Reels Ads lassen sich sinnvoll mit anderen Platzierungen kombinieren. Wer bereits Stories oder Feed-Anzeigen bespielt, kann dieselbe Kernbotschaft in reels-gerechtem Schnitt ausspielen und über das Placement steuern, wo sie erscheint. Zum Testen verschiedener Hooks eignet sich ein strukturiertes Vorgehen mit mehreren Creative-Varianten, deren Ergebnisse gegen die Hook- und Completion-Rate gemessen werden. Für einen kompakten Praxisüberblick lohnt der Hootsuite-Leitfaden zu Instagram Reels.

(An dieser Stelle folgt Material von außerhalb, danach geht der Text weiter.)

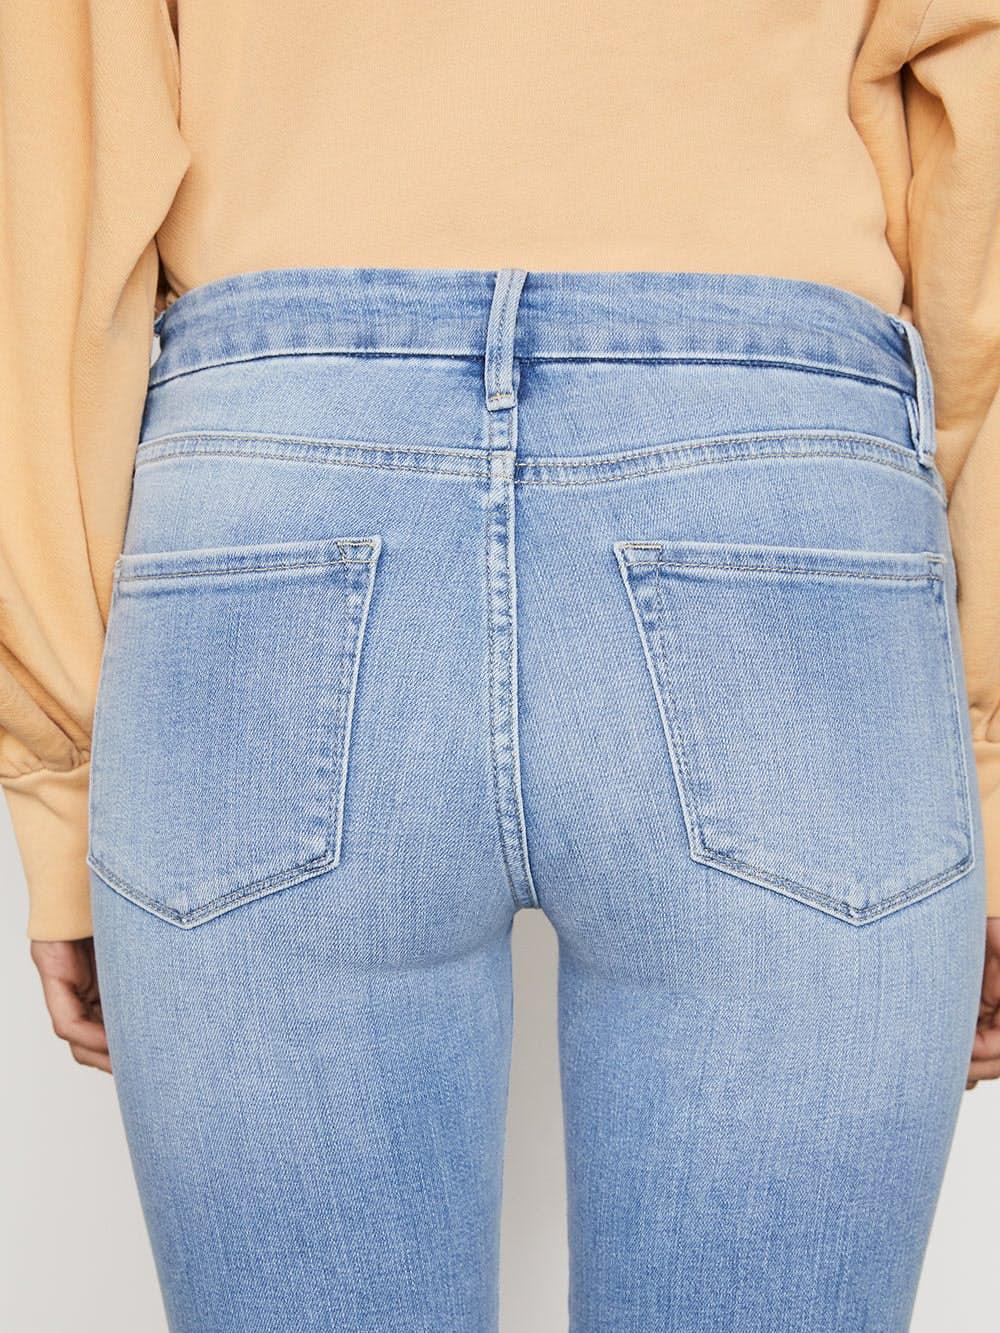 jeans back detail view alt:hover

Reels Ads im Vergleich zu anderen Werbeformaten
Innerhalb des Meta-Baukastens stehen Reels Ads neben statischen und mehrteiligen Formaten. Ein Carousel-Ad etwa erlaubt es, mehrere Produkte oder Argumente zum Durchwischen zu präsentieren, und eignet sich für Sortimente oder Schritt-für-Schritt-Botschaften — während das Reel auf eine einzige, in Bewegung erzählte Idee setzt. Die Wahl des Formats richtet sich nach Botschaft und Trichterstufe, nicht nach Mode.
Auf verwandten Plattformen existieren analoge Werbeformen für Kurzvideo, etwa Spark Ads im TikTok-Umfeld, die organische Beiträge als Anzeige verstärken. Der Grundgedanke ist überall derselbe: Werbung soll sich in den natürlichen Konsum von Kurzvideo einfügen statt ihn zu unterbrechen. Wer diese Logik verinnerlicht, produziert Creatives, die auf mehreren Kanälen mit geringer Anpassung funktionieren und so den Produktionsaufwand senken. Gegenüber statischen Bildanzeigen haben Reels den Vorteil, in wenigen Sekunden eine Geschichte oder eine Demonstration zu zeigen; gegenüber langen Videoformaten punkten sie mit der niedrigen Einstiegshürde, weil niemand sich auf eine lange Laufzeit einlassen muss.
Grenzen, Abgrenzung und Ausblick
Reels Ads sind kein Allheilmittel. Für erklärungsbedürftige B2B-Angebote mit langer Entscheidungsphase eignen sie sich oft schlechter als textbasierte Formate, und die schnelle Abnutzung erzwingt einen kontinuierlichen Nachschub an Creatives. Auch die Messbarkeit einzelner Abschlüsse ist im datenschutzbeschränkten Umfeld schwieriger geworden, sodass Reichweiten- und Interaktionssignale an Gewicht gewinnen und die Erfolgsbeurteilung stärker auf aggregierte Kennzahlen setzt.
Im Format-Kontext stehen Reels Ads neben verwandten Kurzvideoformaten anderer Plattformen wie YouTube Shorts und den Instagram Ads insgesamt. Wer plattformübergreifend arbeitet, produziert Kurzvideos möglichst so, dass sie sich mit geringem Aufwand für mehrere Kanäle anpassen lassen. Der Trend zu vertikalem Kurzvideo dürfte anhalten, weshalb ein systematischer, datengetriebener Creative-Prozess dauerhaft wichtiger wird als der einzelne virale Zufallstreffer.